264             The Screening process concluded there was potential for underwater noise during the construction and decommissioning phase to result in an Adverse Effect on Integrity relating to the following European sites and relevant features:

• Tweed Estuary SAC – sea lamprey and river lamprey;
• River Tweed SAC – Atlantic salmon, sea lamprey and river lamprey;
• River South Esk SAC – Atlantic salmon and freshwater pearl mussel;
• River Tay SAC – Atlantic salmon, sea lamprey and river lamprey;
• River Dee SAC – Atlantic salmon and freshwater pearl mussel; and
• River Teith SAC – Atlantic salmon, sea lamprey and river lamprey.
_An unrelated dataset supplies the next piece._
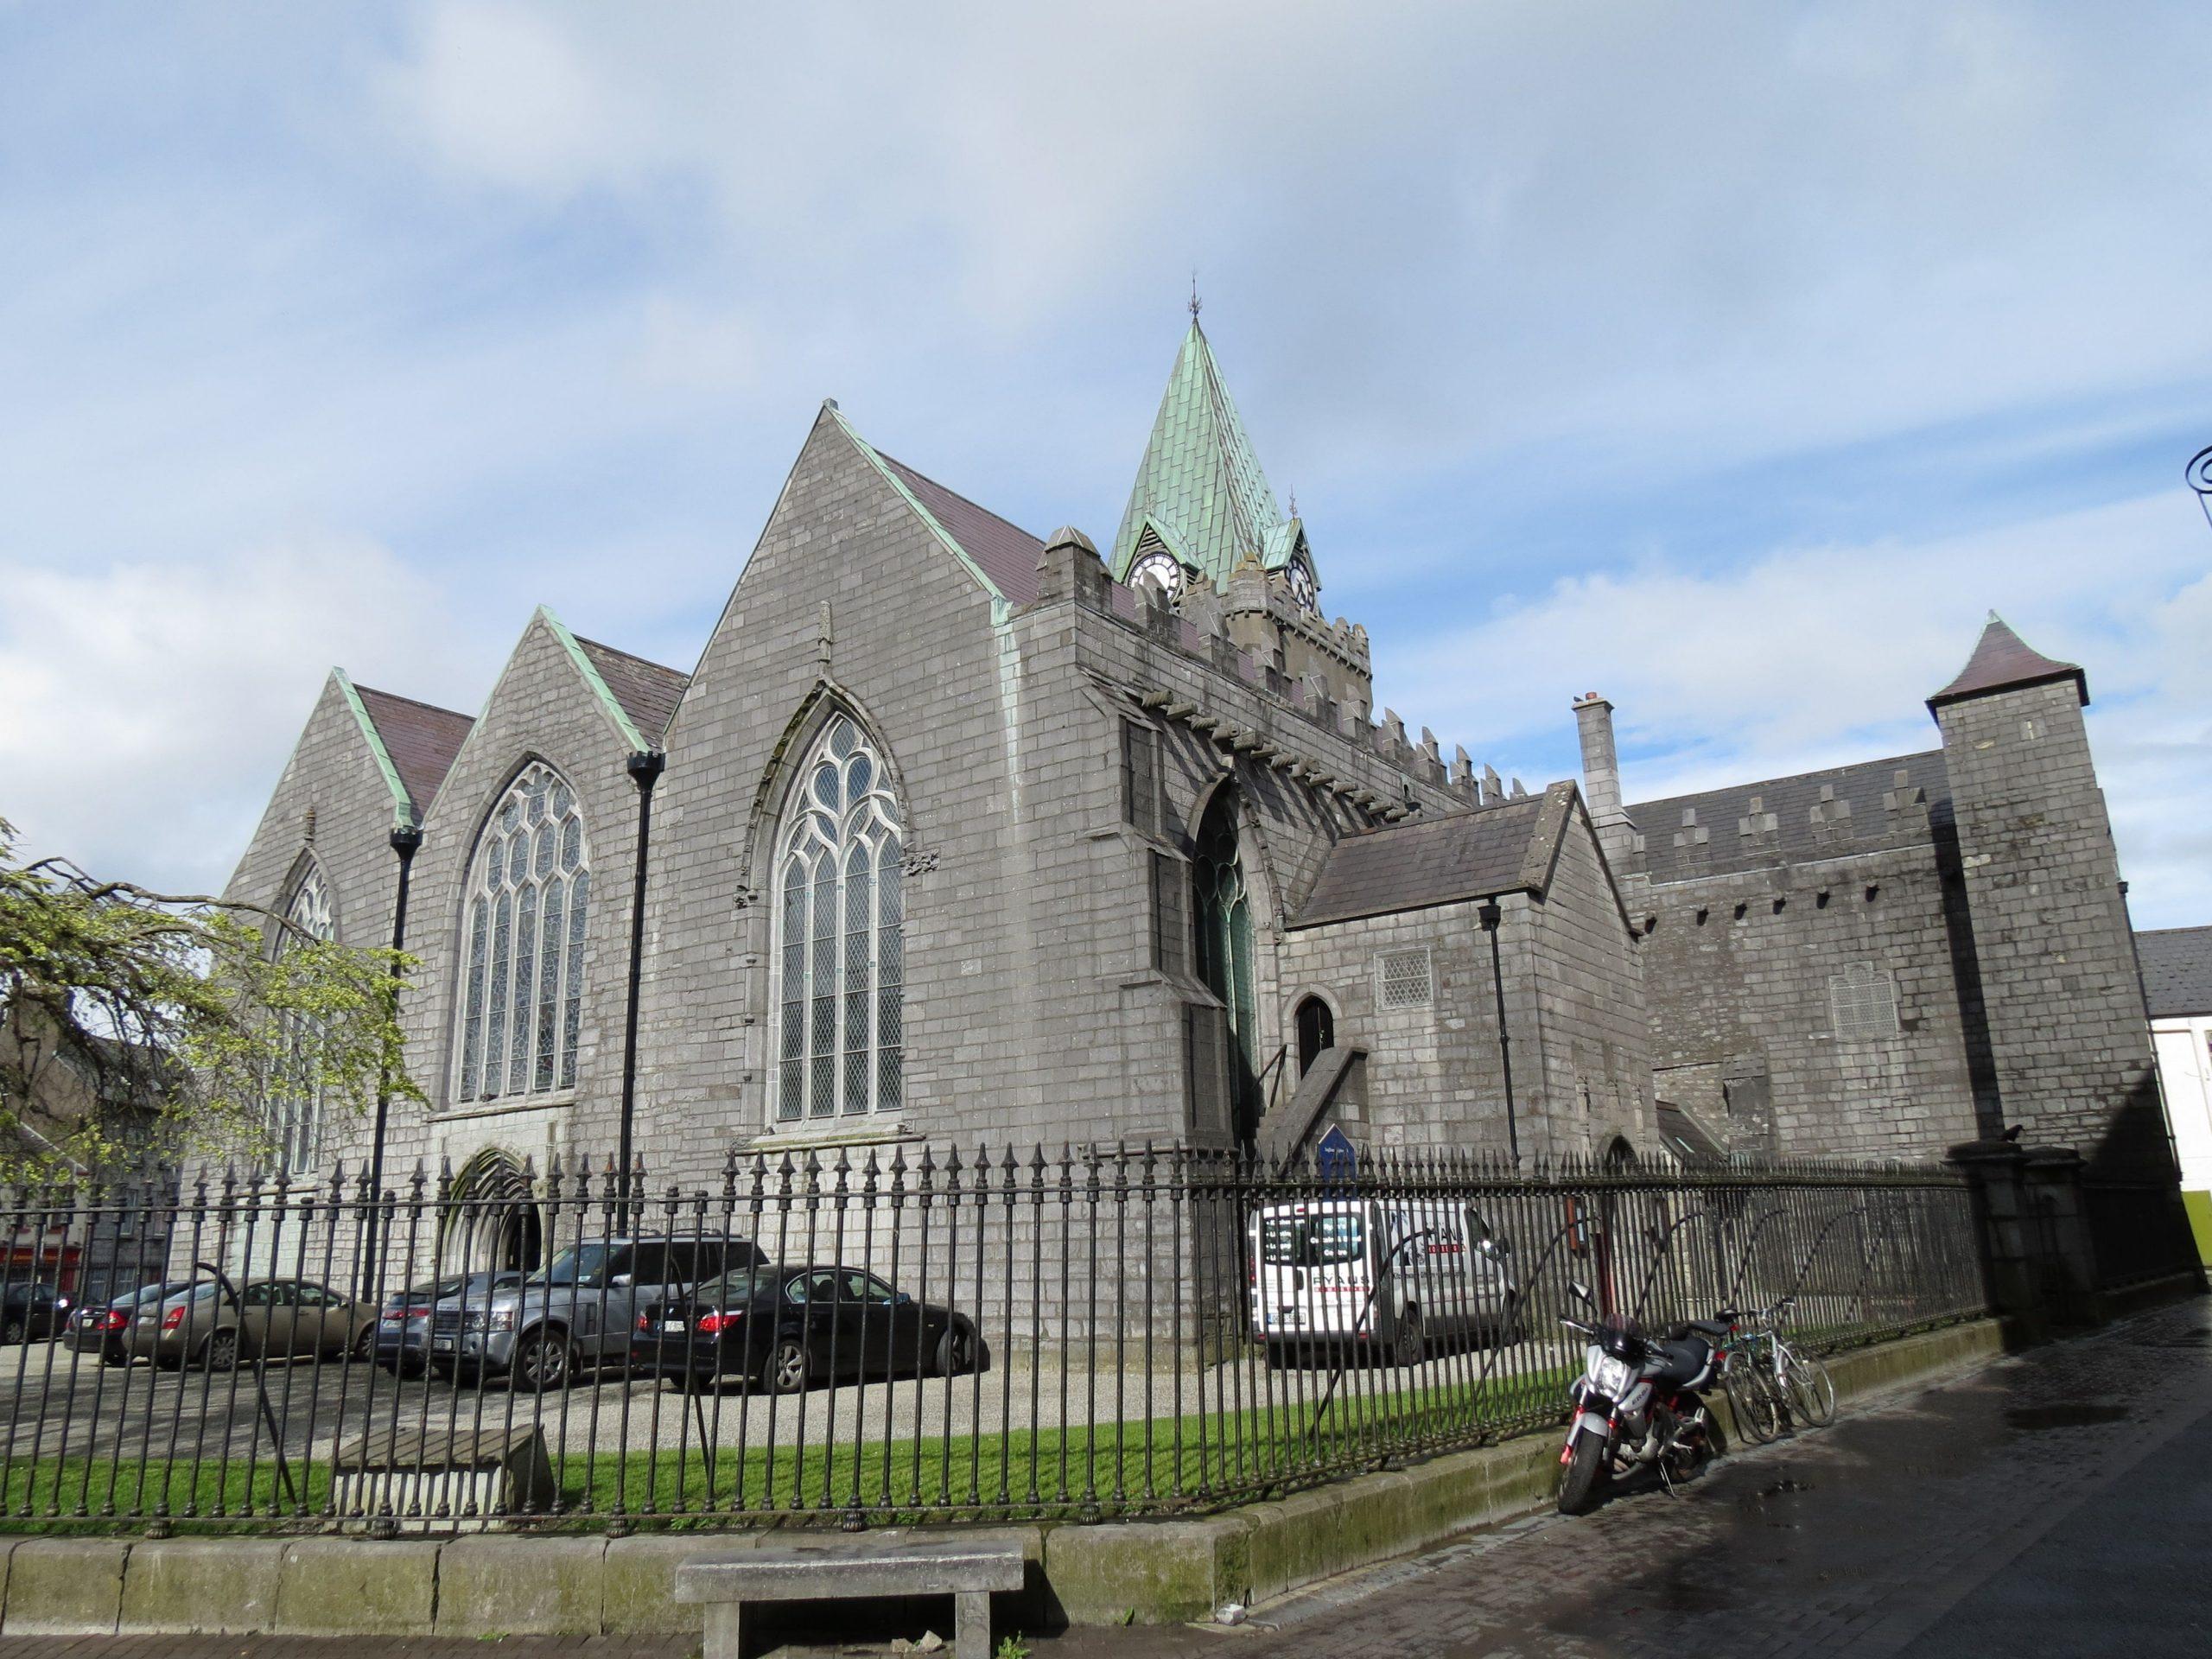 St. Nicholas' Collegiate Church - Visit Galway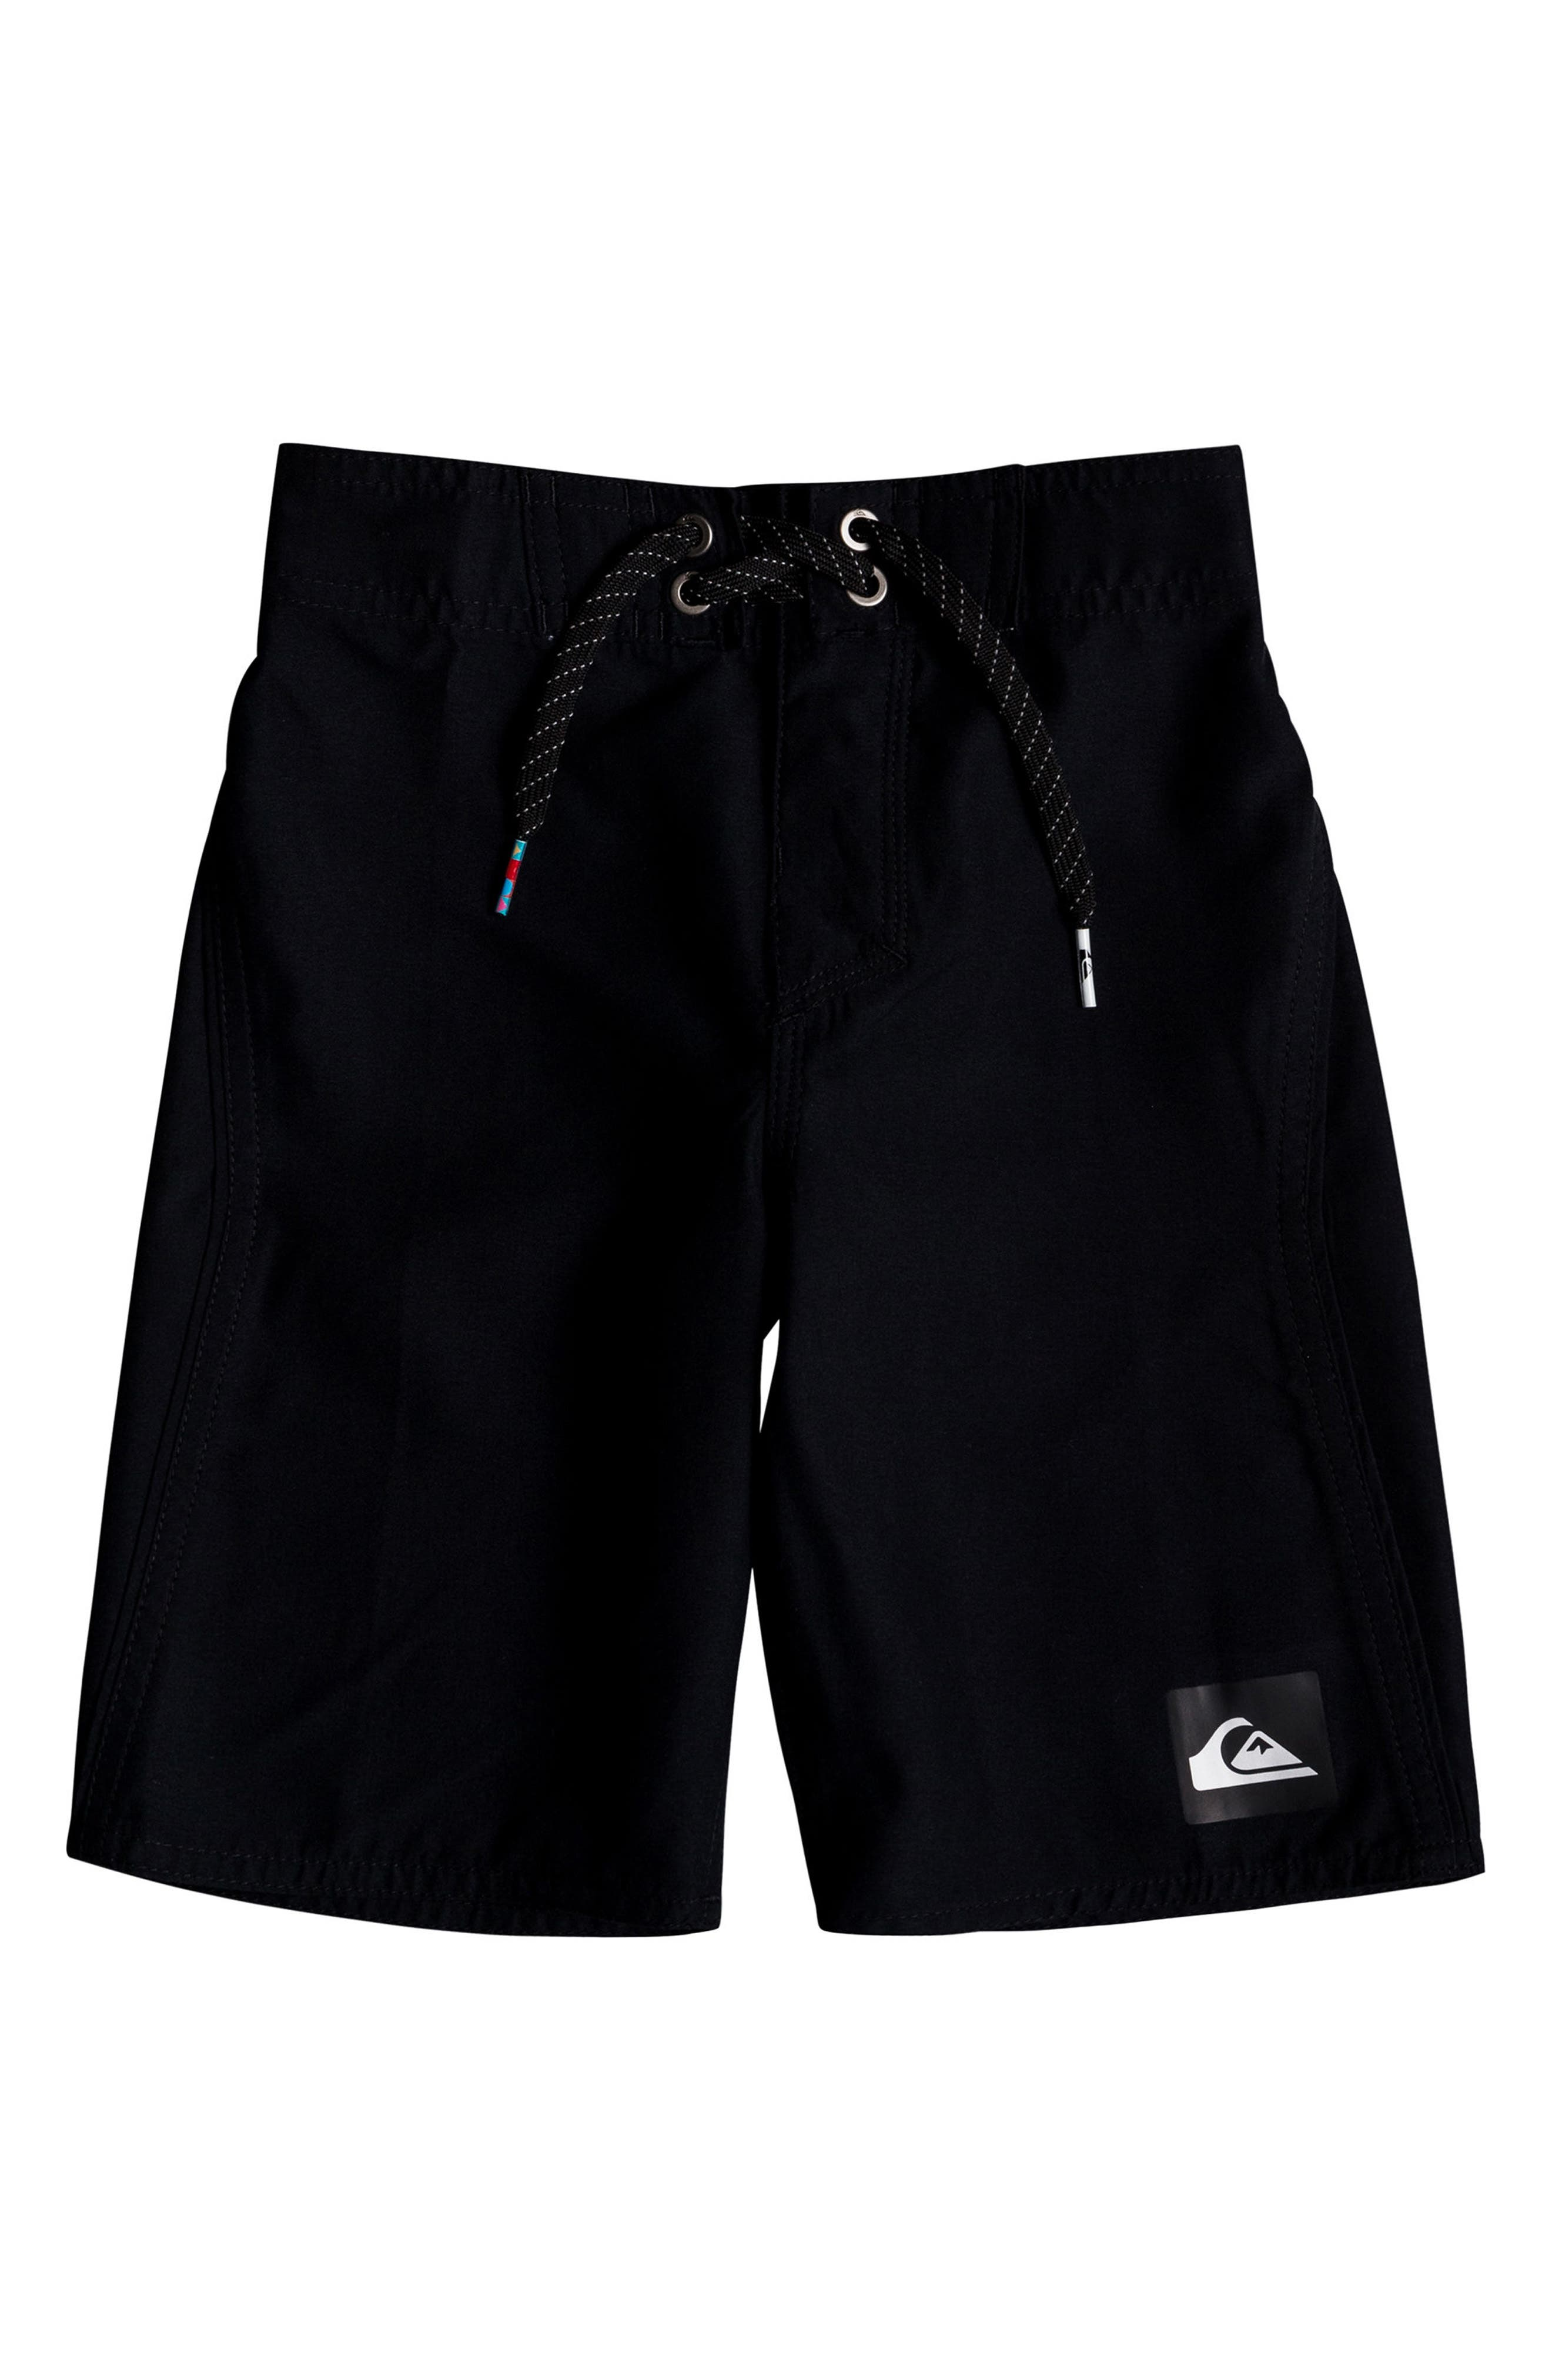 Highline Kaimana Board Shorts,                             Main thumbnail 1, color,                             Black

265             The following sections explain how the potential effects of the Proposed Development on Annex II diadromous fish features during construction and decommissioning have been quantified and assessed.

Maximum design scenario relevant to the assessment of adverse effects on integrity

266             The maximum design scenarios considered for the assessment of potential impacts on Annex II diadromous fish from underwater noise during construction and decommissioning are set out in Table 12.2   Open ▸ .

267             Pile driving during the installation of foundations is predicted to lead to a medium-term, intermittent increase in underwater noise levels that may result in injury and/or disturbance to Annex II diadromous fish. The maximum design scenario considers the greatest effect from underwater noise on Annex II diadromous fish, considering the maximum hammer energy and piling duration (see Table 12.2   Open ▸ ).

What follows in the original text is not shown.